From 6 months, breast milk may no longer be enough to meet the nutritional needs of the infant and the complementary foods added to a child’s diet between six months and two years should supplement the baby’s breast milk-based diet. The complementary foods that are given from 6 months up until 2 years of age should provide energy and essential nutrients required for growth and development. Complementary foods should be given in amounts, frequency, and consistency using a variety of foods to cover the nutritional needs of the growing child while maintaining breastfeeding. This is a critical time in a child’s development and it is important that the child receives a diverse diet of nutrient-rich food prepared in a clean space, in addition to breast milk to prevent the onset of malnutrition. A diet comprising at least four food groups a day is associated with improved growth in young children.
The benefits of exclusive breastfeeding cannot be overemphasized.
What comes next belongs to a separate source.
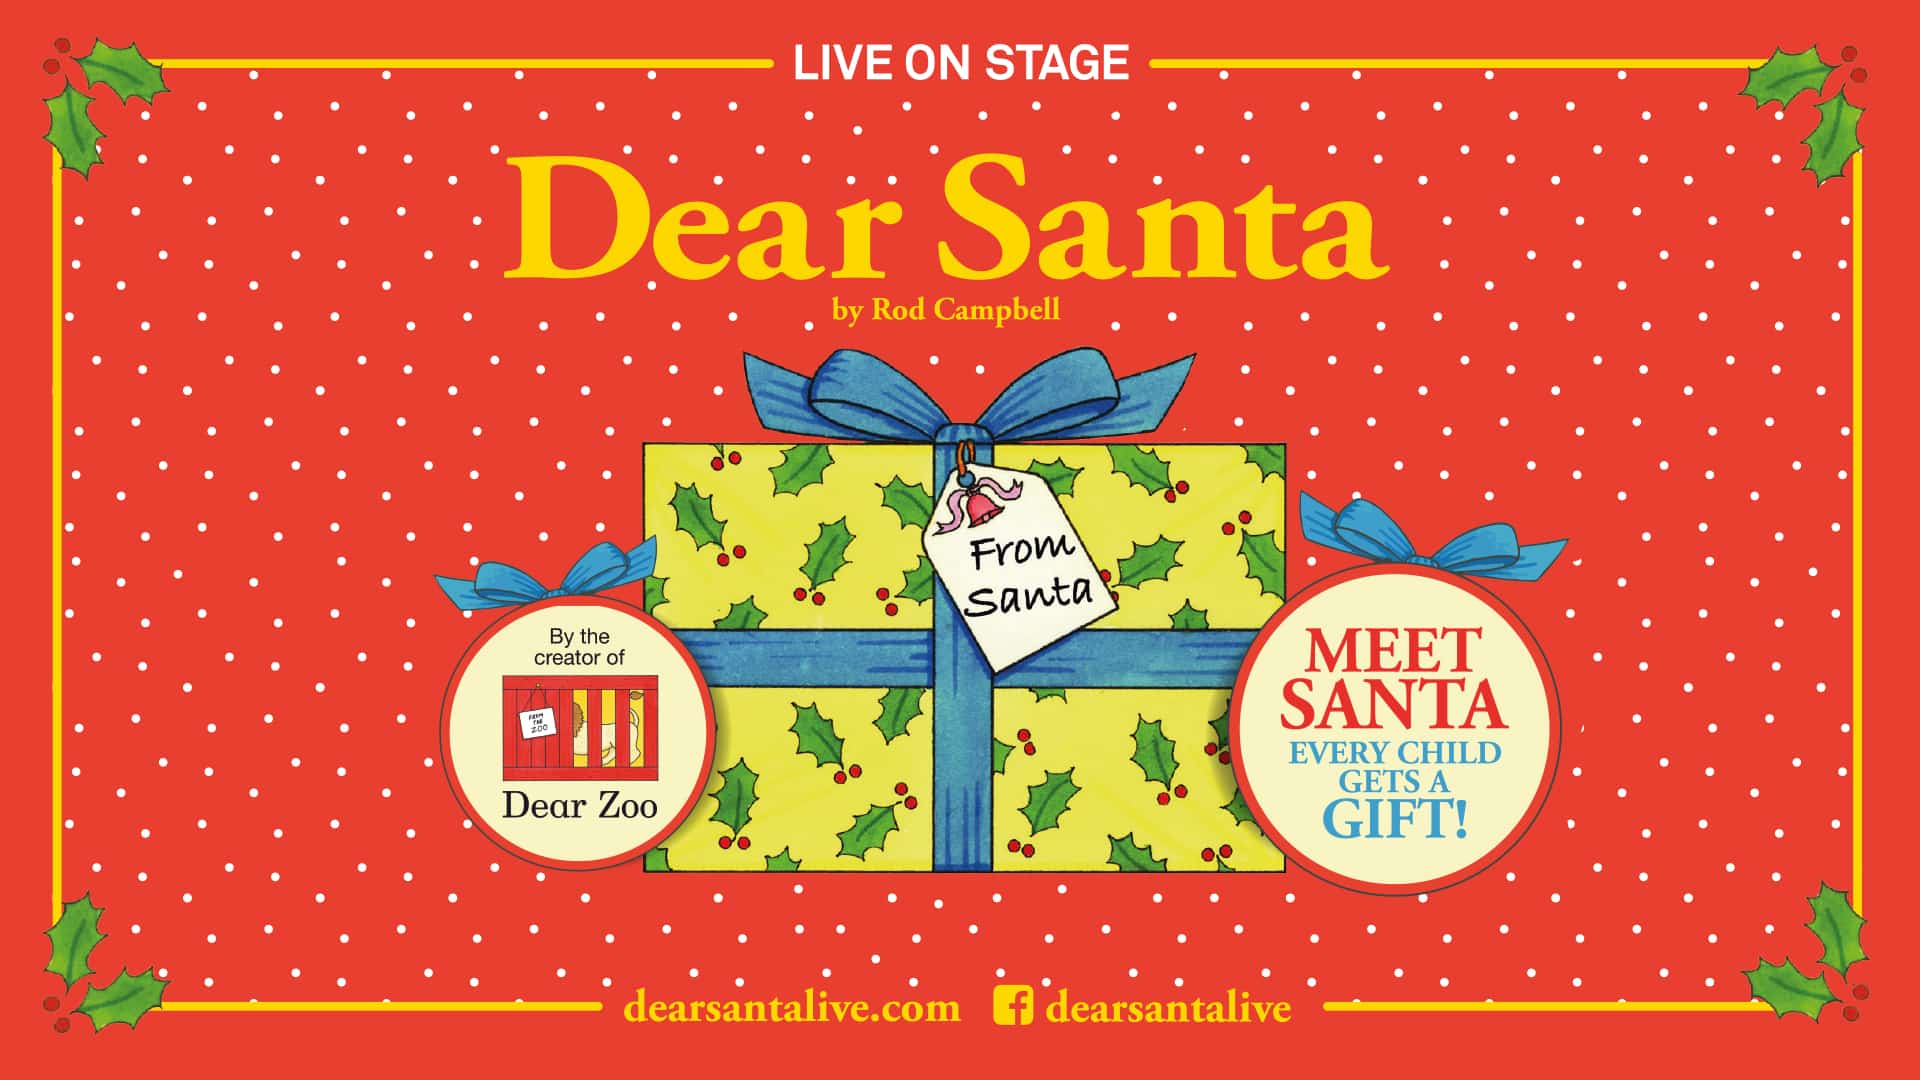 Dear Santa promotional image - An illustration of a gift-wrapped Christmas present with a gift tag that reads: 'From Santa'. Either side of the present are circles with blue bows sticking out the top. The one on the left contains text reading 'From the creator of Dear Zoo' and an illustration of the Dear Zoo cover art. In the second circle, text reads: 'Meet Santa; Every child gets a free gift!' Main text at the top of the picture reads: 'Live on stage; Dear Santa; by Rod Campbell'. The background is red with white dots and there is a golden border on each side with winter holly leaves in each corner.

Breastfeeding is about more than simply providing a child food; it helps ensure a child develops to full potential as an adult. Breastfeeding is central in giving children the right start to life during the 1,000-day window from a mother’s pregnancy to her child’s second birthday and remains pivotal in ensuring the good health of mothers and children. As a result, mothers and other caregivers require active support for establishing and sustaining appropriate breastfeeding practices. In addition, stricter regulations in the marketing of breastmilk substitutes is required to ensure that mothers are not misled into considering breastmilk substitutes as an alternative that can be used in place of breastmilk, before a baby reaches 6 months. Furthermore, the risk of illnesses like diarrhea is reduced where there is no reliable access to clean water. The cost-effectiveness of breastfeeding is also an additional bonus. It is estimated that for every $1 invested in breastfeeding, there is a $35 economic return, a clear economic win for families in lower income countries.
Finding innovative ways to encourage breastfeeding is one important step that Nigeria can take to build the foundation for a healthy and prosperous future. The Nigerian government, social institutions and the family unit must do more to help every child realise the life-saving benefits of breastfeeding. Religious, social and community influencers should be involved in supporting the early initiation of breastfeeding and exclusive breastfeeding for six months. Husbands, mothers-in-law, TBAs and Community Health Workers are also key influencers in sending the message of breastfeeding, thereby influencing and enabling better breastfeeding behaviours. Workplaces must also provide support with more flexible working options, ante-natal and post-natal care to continue support and encourage breastfeeding women. In addition, there is the need to ensure that health professionals are adequately trained to effectively communicate to women how to breastfeed and encourage continued exclusive breastfeeding up to the child’s sixth month.
The Nigerian mother benefits. The Nigerian child benefits. Our entire country benefits when our children are healthy and strong. When breastfeeding is encouraged and supported, all of us… win.